Drop MPEG2 and go H.264/AVC
MPEG2 is still widely used as the end user format for DVDs and also still used by many TV broadcasters. Throughout its existence, some MPEG2 encoders have been vastly optimized to achieve higher quality by improving algorithm efficiency. However H.264/AVC really has the future here. It offers the same quality at a much lower bit rate. Its feature set also allows for more fine tuning of encoding parameters.
Generally I haven’t seen TV broadcasters go beyond 18 Mbit/s if MPEG2 is used for compressing the Full HD video stream. While a highly optimized MPEG2 encoder still delivers good quality pictures you’d still notice blocking on fast motion scenes like live performances. It’s also a bit short in retaining grain. I’d propose 30 Mbit/s to retain fine detail and avoid blocking when using MPEG2. For purists, you will probably want to go all the way up to 70Mbit/s if you care for each grain particle. Of course bandwidth must allow it. Hopefully network infrastructure through cable and satellite will keep on adding faster networks with higher bandwidth.
Until then TV broadcasters could also choose to drop MPEG2 and go for H.264/AVC. I’d encourage them to extensively test their new platform. I’ve seen TV broadcasters making a switch and picture quality was worse in their new setup. That’s of course not supposed to be happen. While there are poor H.264/AVC encoders around, one should pick the good ones and try to optimize it to the requirements of the new platform. Once done, it greatly reduces bit rate needed to achieve a targeted picture quality compared to MPEG2.
Another advantage for operators is bandwidth. Consumers who have a connection that’s far away from the distribution network have a slower throughput of data. But using H.264/AVC still allows them to give these end-users sufficient visual quality where MPEG2 is running short.
Although H.264/AVC is computationally more expensive compared to MPEG2 there are ASIC chips on the market that are highly optimized for decoding 1080p H.264/AVC streams up to 60 fps. From a financial point of view they really aren’t the biggest thing to worry about in new set top boxes. The same applies for hardware encoders.
As any rational human being we should work efficiently. H.264/AVC is less demanding on bit rate and its technical abilities allow details to be better preserved.
Drop interlacing and go progressive
As of many years flat panel TVs show pictures using progressive scan. It’s not logical to still broadcast in 1080i30 (for NTSC areas). These cameras can shoot nicely in progressive scan mode, yet we have to go through the inconvenient process of interlacing and then deinterlacing.

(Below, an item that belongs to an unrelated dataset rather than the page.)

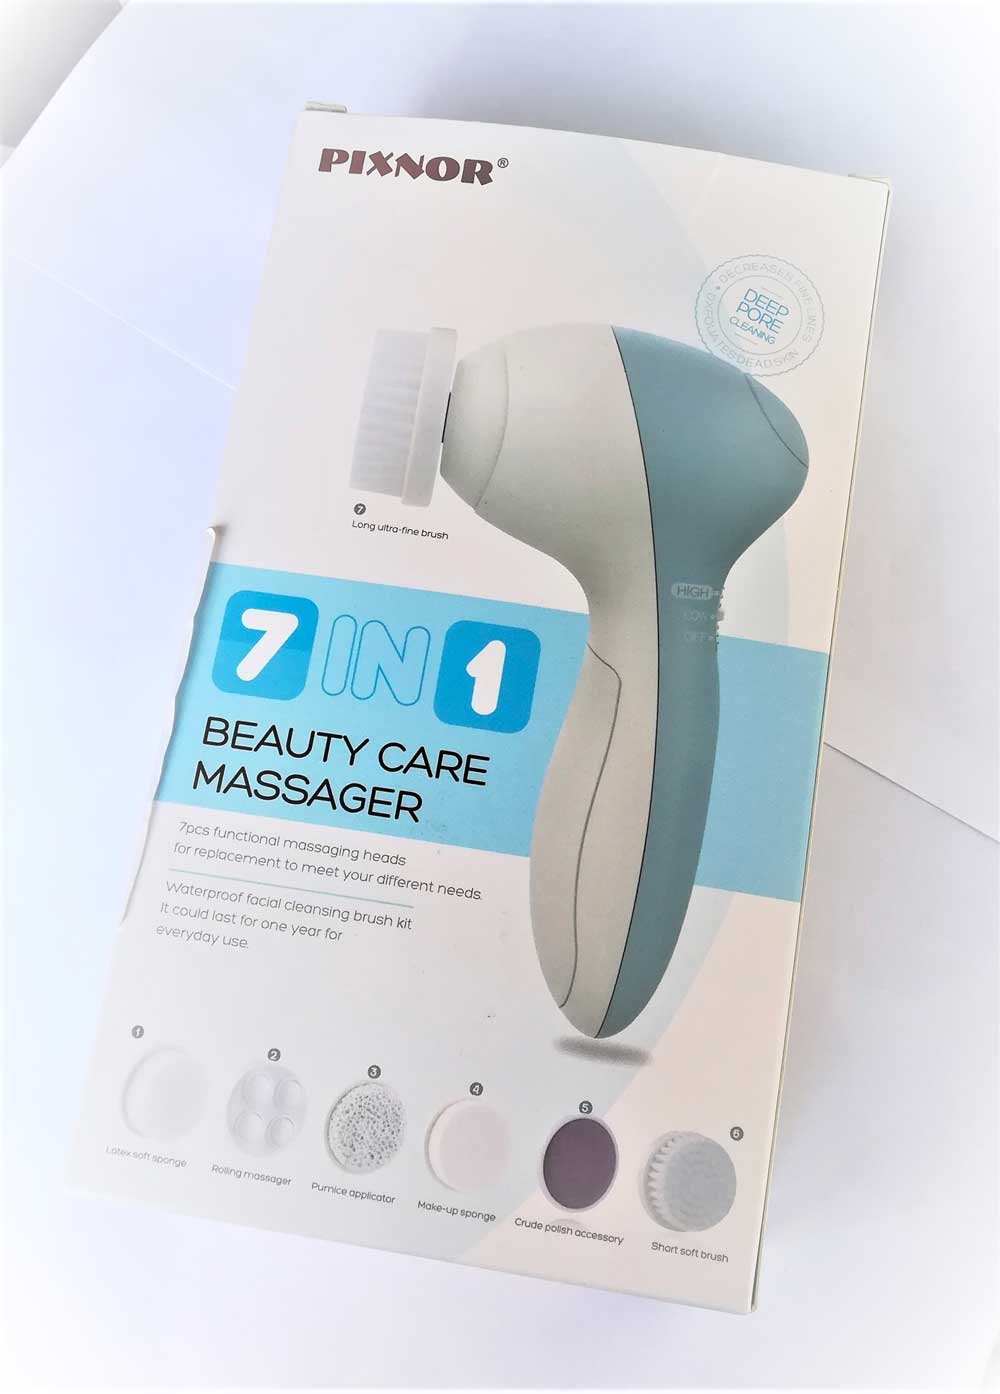 Pixnor 7 in 1 Beauty Care Massager

A good example are news anchors. When they wear a suit or shirt with vertical stripes -and it is mostly the male anchors that do so- prepare yourself for some funny outraged lines when deinterlacing is needed for progressive display. Even some sophisticated deinterlacers will have a hard time reconstructing to what is correct to our eyes. This is clearly rather a limitation of field based video. There’s more but I’ll leave it here.
“Interlacing is easy. Deinterlacing is a pain.”

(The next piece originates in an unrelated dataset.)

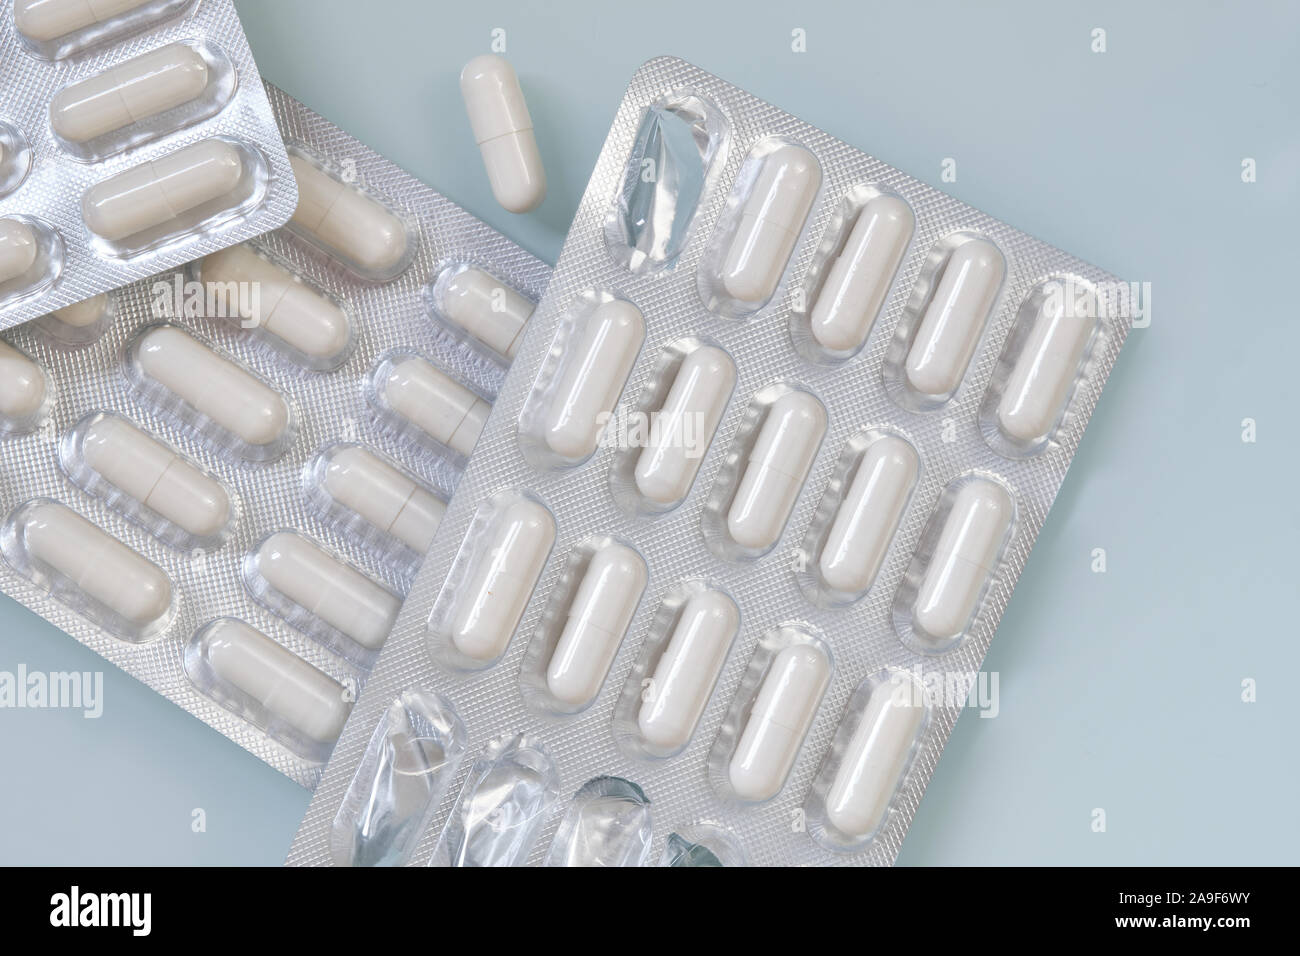 White capsules in silver packaging filled with the nutritional supplements of zinc and selenium are lying unopened on a white background. Stock Photo

Spatially this hurts details. In practice this doesn’t always need to be bad if sufficient bit rate and a proper deinterlacer is used. But from a theoretical point of view there’s really no point in using interlacing today. Most professionals in the video world would agree on this. Yet we are not controlling this market. Let’s hope they change their mind.
Interlaced (left) vs Progressive (right)
image credits: http://www.hdtvinfoport.com/HDTV.html
The only real advantage would be that 1080i30 is essentially 60 half frames per second. Motion is more smooth. I’d still say interlacing truly has had its time and has become obsolete. The common reason they still use 1080i30 is because it takes much less bandwidth compared to 1080p60. That is true because we are dealing with video that has lost half of its spatial resolution in the case of interlacing.
1080p30 is still an option. Although it is not as smooth as 1080i30 or ideally 1080p60, at least everything stays progressive. Note that modern flat panel TVs nowadays can do a lot more than only showing a picture from the input signal it receives. For example, it can do motion interpolation using different techniques. Not only the engine in a TV itself but also graphics cards from nVidia and AMD can do something similar. For graphics cards this only applies if you are using DXVA hardware decoding. This motion interpolation can give just that extra bit of smooth motion. I’ve seen some pretty good results for film content. Note that film at 24 fps and screen refresh rates of 60 > 120 > 240 > 480 Hz are very incompatible. This is why I had to point it out aside from the fact TVs also have a native 24 Hz mode.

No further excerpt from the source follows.